Sylvanas Windrunner exists outside that cycle.
Beyond the grave
In the comic Three Sisters, the Void speaks to Alleria when Sylvanas appears, calling her dangerous, a threat that must be ended. “She seeks the death of all things…all possibilities.” The concept of possibilities came up prior to that in A Thousand Years of War – Alleria was told that the Light seeks one path, one possibility, as truth, and shuns all others as lies. The Void seeks every possible path – all possibilities – and sees them all as truth.
Sylvanas is an absence of possibility. She is stasis. Neither alive nor dead – neither Light nor Void. She has not succumbed to the cycle of life and death; she’s been ripped out of that cycle entirely. She views the Forsaken as identical to her – a group of individuals that are focused on survival. They have no purpose beyond that. All Sylvanas wants, all she’s been focused on, is this idea of survival, of procreation. Her people can’t do it, so she needs to create more Forsaken in order to keep them from dying out.
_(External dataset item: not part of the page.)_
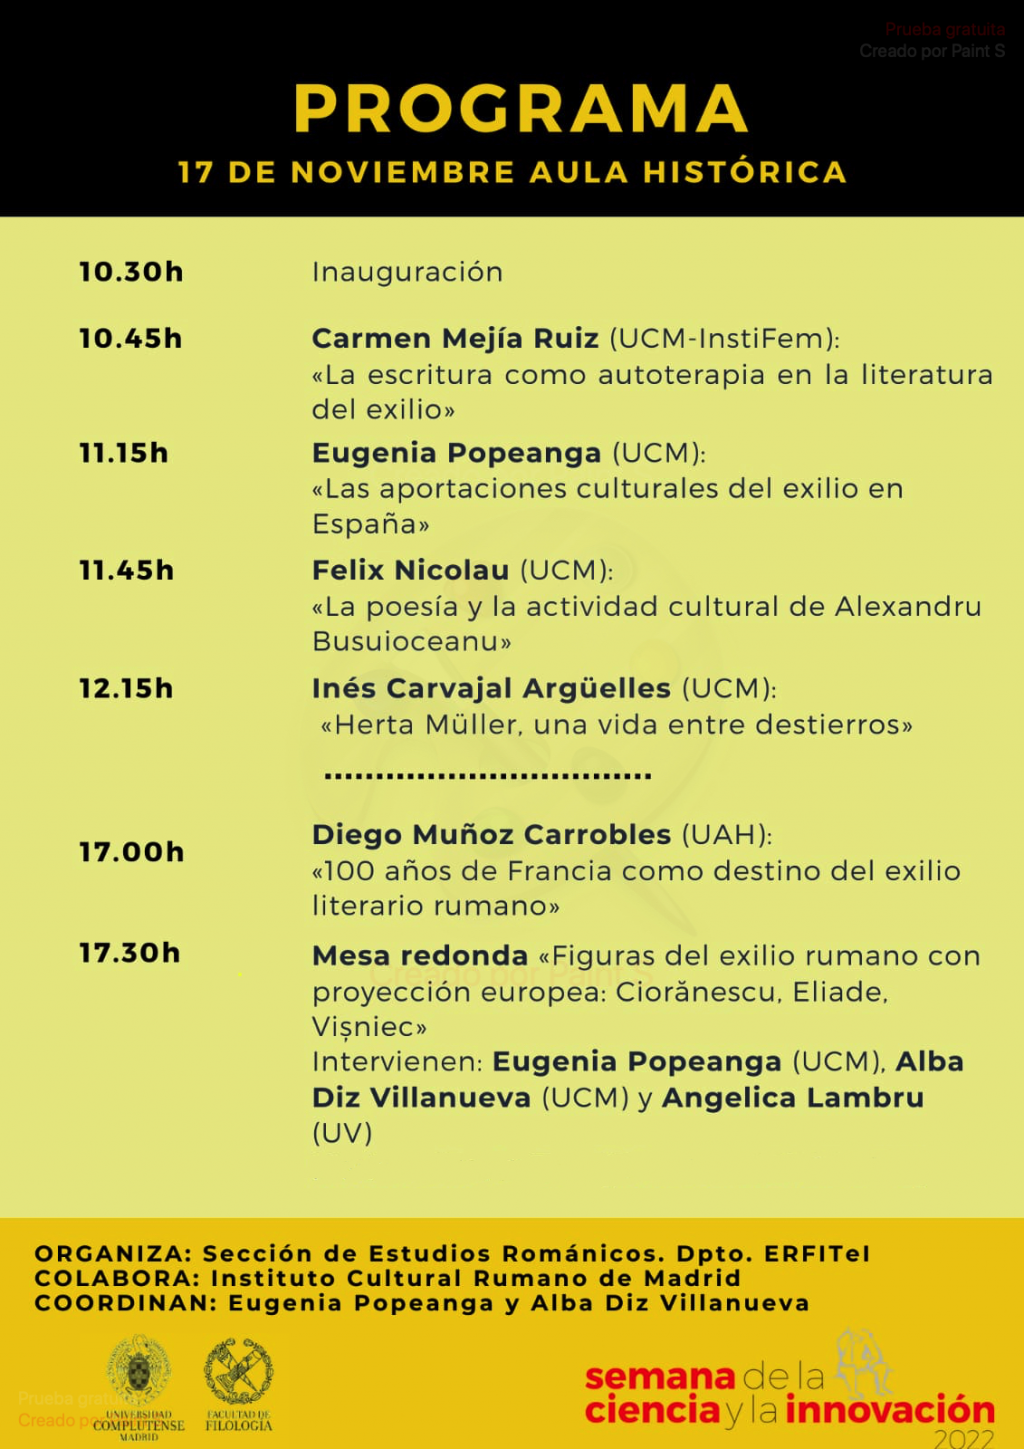 Exilul si migratia romanilor perceptii culturale in Europa - seminar la Madrid 17 noiembrie

Because she knows what’s on the other side of that door, and it’s nothing but darkness. Black, endless, absent of everything – not the Void, let’s be clear about that. It’s the place that Arthas went to, when he breathed his last and said, “I see only darkness before me.” It’s an endless yawning black box of nothing, and Sylvanas does not want to go there. She doesn’t want her people to go there, either. So they need to live on.
Part of the reason Sylvanas was so incensed by the idea of Forsaken that wanted to connect with their old lives, as the Desolate Council did, was because it showed that there was a faction of her own people who didn’t think in the same way. They spoke of the “final death” as if it were something they didn’t mind happening eventually. Sylvanas knows what happens after that final death – and it’s not something she wishes on anyone, especially not herself.
She cannot let her people be killed. Yet there are those among the living who would like to do just that. What’s the easiest solution to this problem? Remake the world in her image – create a world of undead. Kill them all, raise them as Forsaken, and let them “live,” as it were, alongside their fallen kin. Not alive, not dead – and not living. Simply…existing, perhaps without purpose, but at least outside of that horrific absence of everything that she witnessed after throwing herself off the Frozen Throne.
And because of that, Sylvanas has become an agent of something that even the Void fears. It told Alleria as much in the Three Sisters comic: “She is a violation. She serves the true enemy.”